Available data:
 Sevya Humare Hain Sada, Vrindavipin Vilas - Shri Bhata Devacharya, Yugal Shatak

---

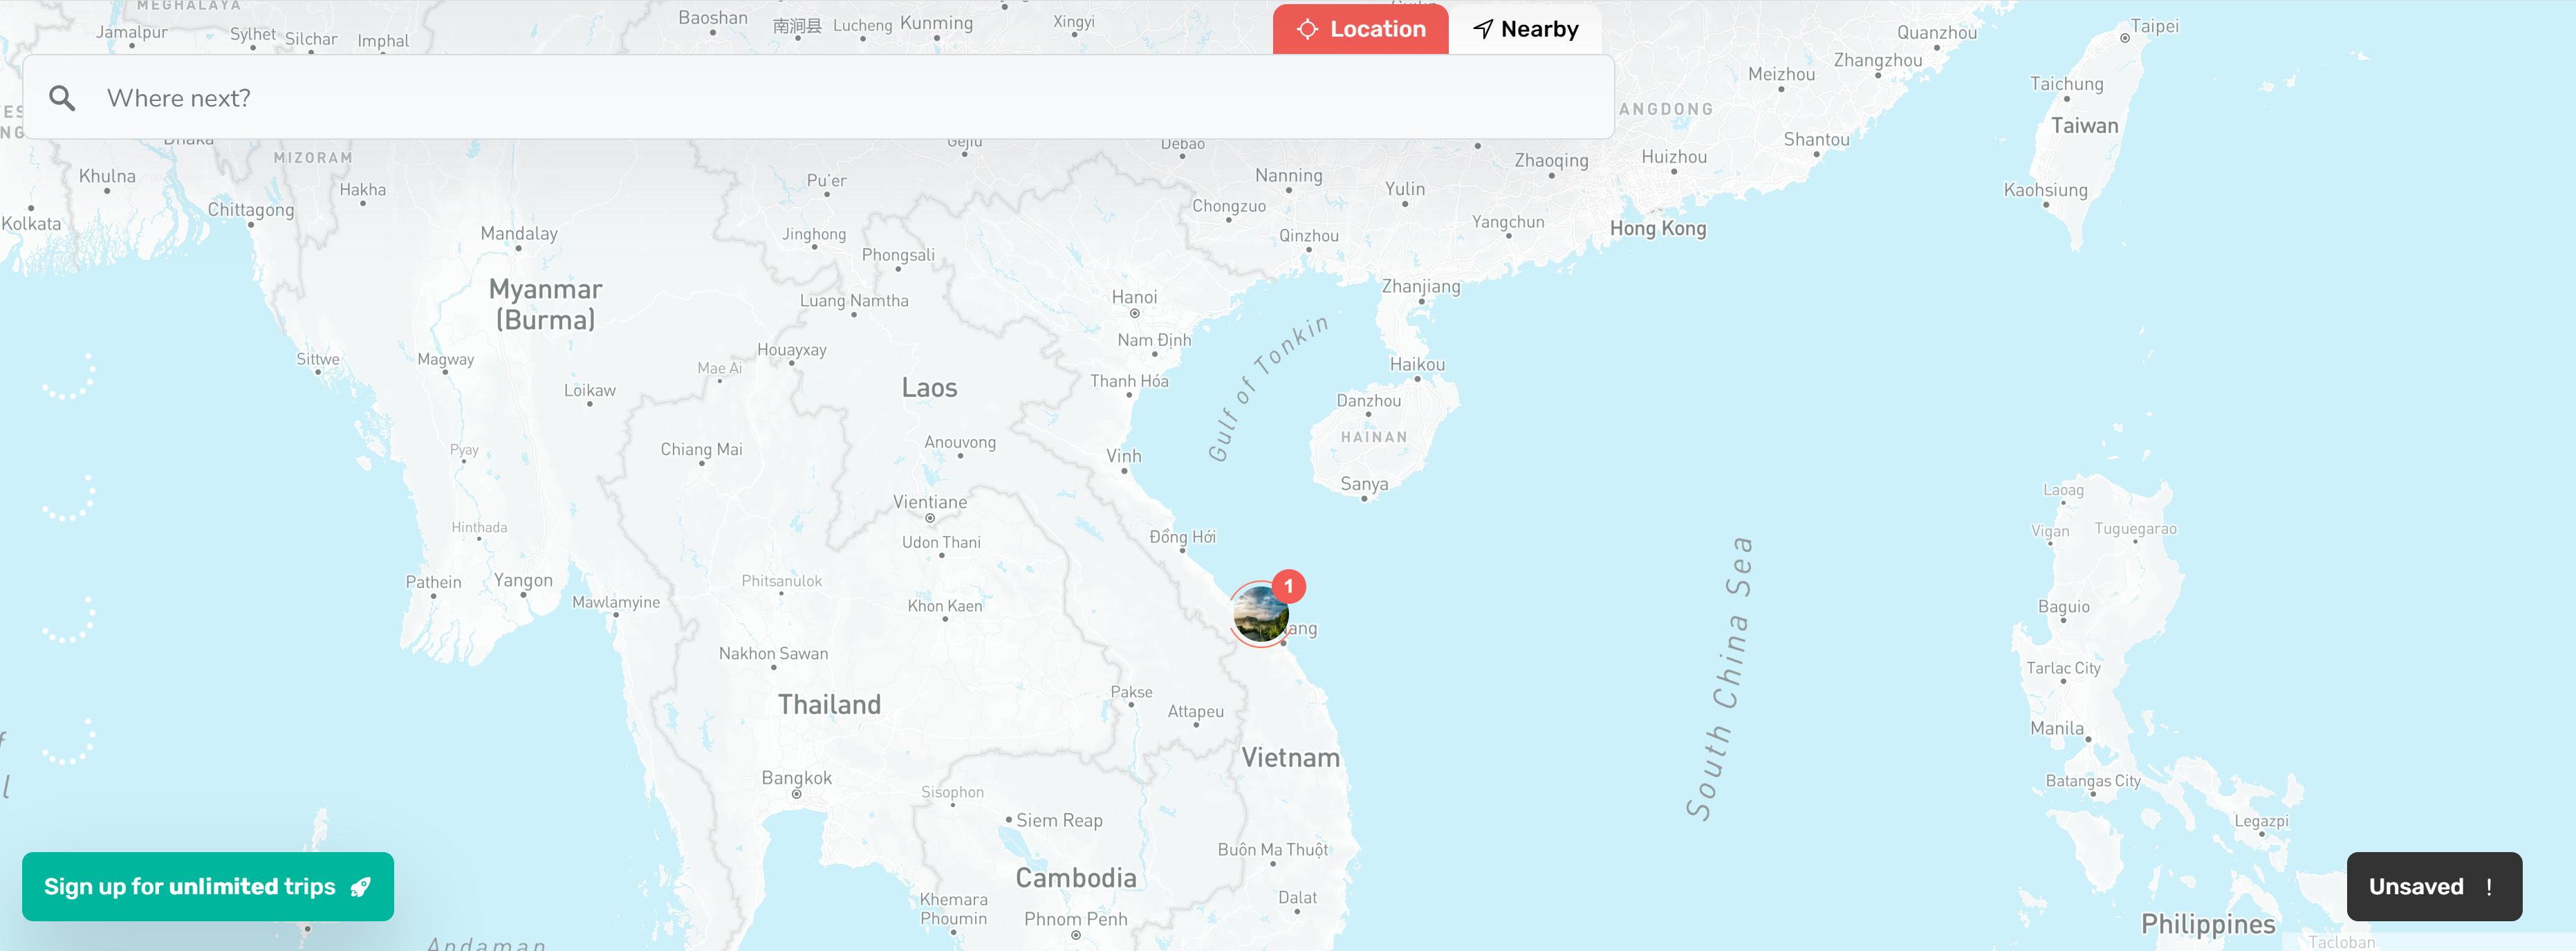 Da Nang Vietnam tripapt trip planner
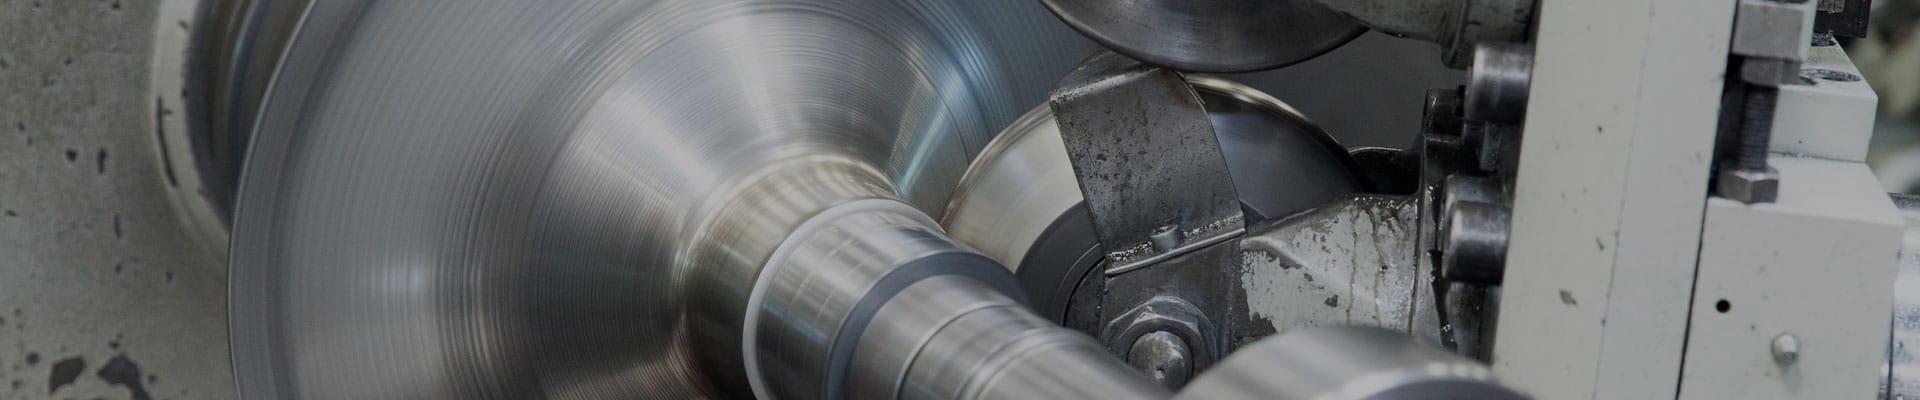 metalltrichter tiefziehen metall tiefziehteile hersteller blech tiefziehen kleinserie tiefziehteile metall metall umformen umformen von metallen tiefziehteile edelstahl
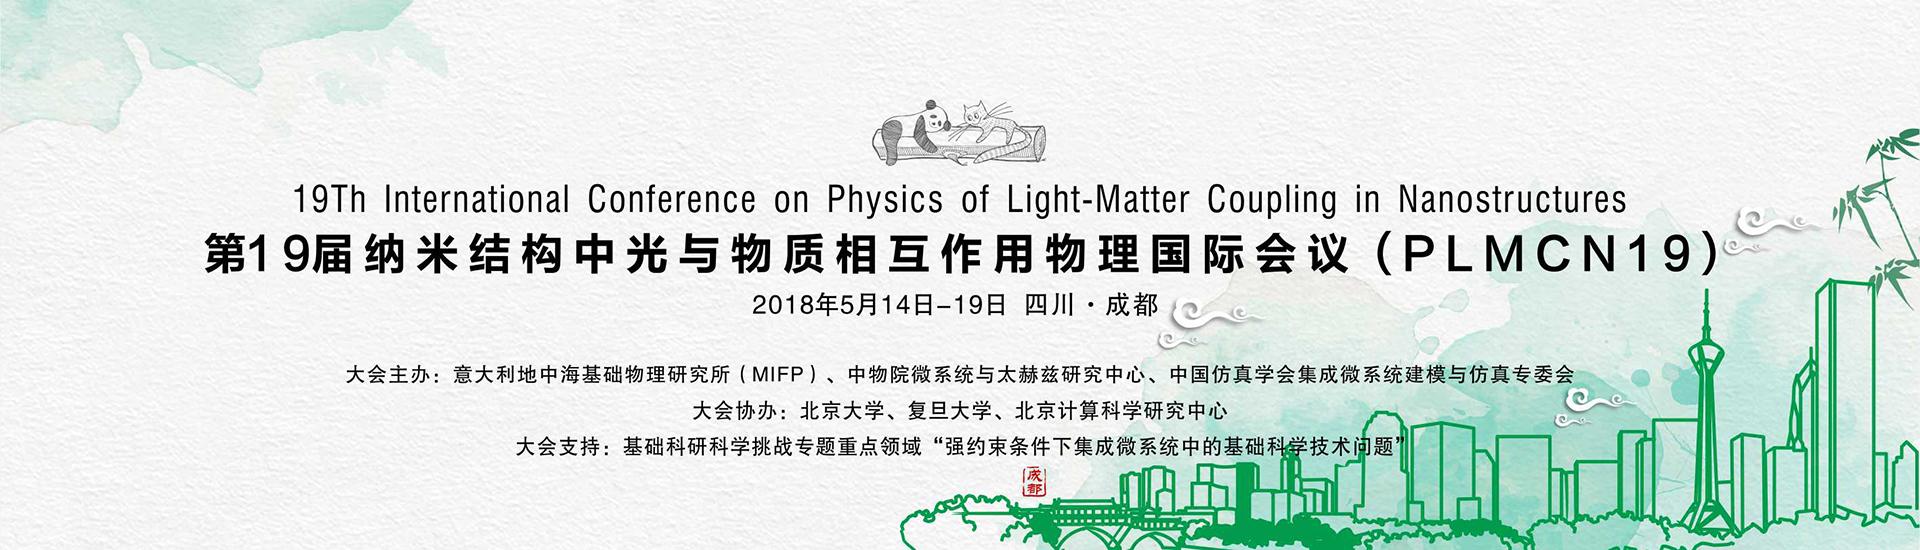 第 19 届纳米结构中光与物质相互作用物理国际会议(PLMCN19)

Exercise:
Treat the line with "Da Nang Vietnam tripapt trip planner" as the start and the line with "第 19 届纳米结构中光与物质相互作用物理国际会议(PLMCN19)" as the end, and return exactly that span of the data above, both ends included, without pictures.

Solution to this task:
 Da Nang Vietnam tripapt trip planner
 metalltrichter tiefziehen metall tiefziehteile hersteller blech tiefziehen kleinserie tiefziehteile metall metall umformen umformen von metallen tiefziehteile edelstahl
 第 19 届纳米结构中光与物质相互作用物理国际会议(PLMCN19)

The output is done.